The Google Cloud team revealed today a previously undisclosed DDoS attack that targeted Google service back in September 2017 and which clocked at 2.54 Tbps, making it the largest DDoS attack recorded to date.
In a separate report published at the same time, the Google Threat Threat Analysis Group (TAG), the Google security team that analyzes high-end threat groups, said the attack was carried out by a state-sponsored threat actor.
TAG researchers said the attack came from China, having originated from within the network of four Chinese internet service providers (ASNs 4134, 4837, 58453, and 9394).
Damian Menscher, a Security Reliability Engineer for Google Cloud, said the 2.54 Tbps peak was “the culmination of a six-month campaign” that utilized multiple methods of attacks to hammer Google’s server infrastructure.

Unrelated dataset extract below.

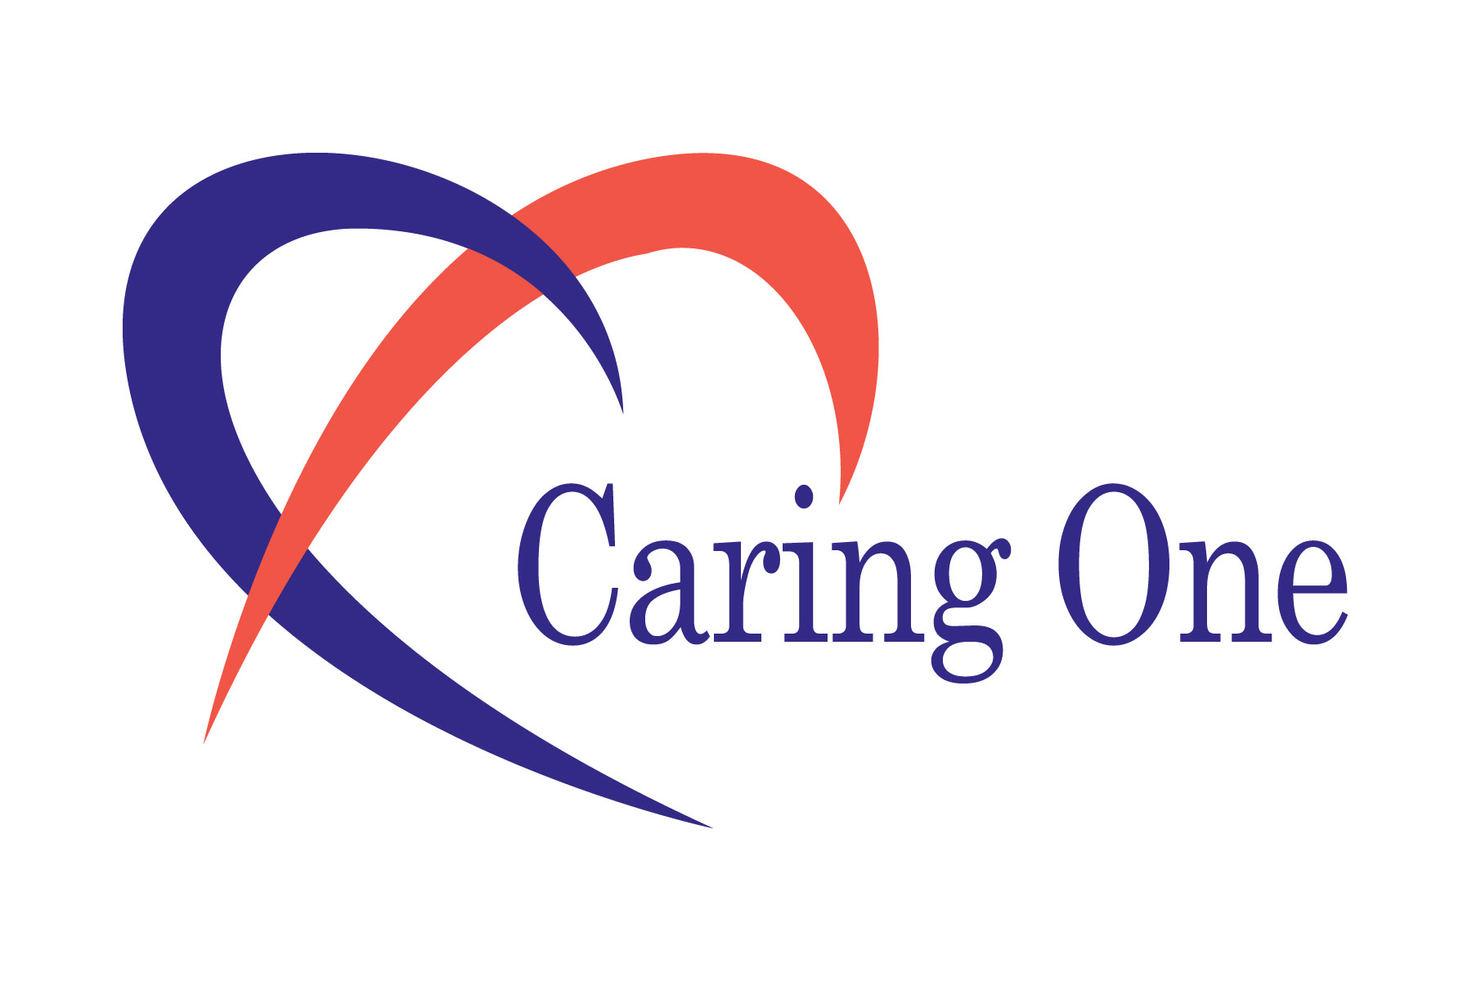 caring_one_logo.jpg

Menscher didn’t reveal which services were targeted.
“The attacker used several networks to spoof 167 Mpps (millions of packets per second) to 180,000 exposed CLDAP, DNS, and SMTP servers, which would then send large responses to us,” Menscher said.
“This demonstrates the volumes a well-resourced attacker can achieve: This was four times larger than the record-breaking 623 Gbps attack from the Mirai botnet a year earlier [in 2016].”
Furthermore, this attack is also larger than the 2.3 Tbps DDoS attack that targeted Amazon’s AWS infrastructure in February this year.
Despite keeping the attack secret for three years, Google disclosed the incident today for different reasons.
The Google TAG team wanted to raise awareness to an increasing trend of nation-state hacker groups abusing DDoS attacks to disrupt targets.
The Google Cloud team also wanted to raise awareness of the fact that DDoS attacks would intensify in the coming years, as internet bandwidth also increases.
In a report published on Wednesday, data center company Equinix predicted an increase of roughly 45% (~16,300+ Tbps) in global interconnection bandwidth by 2023.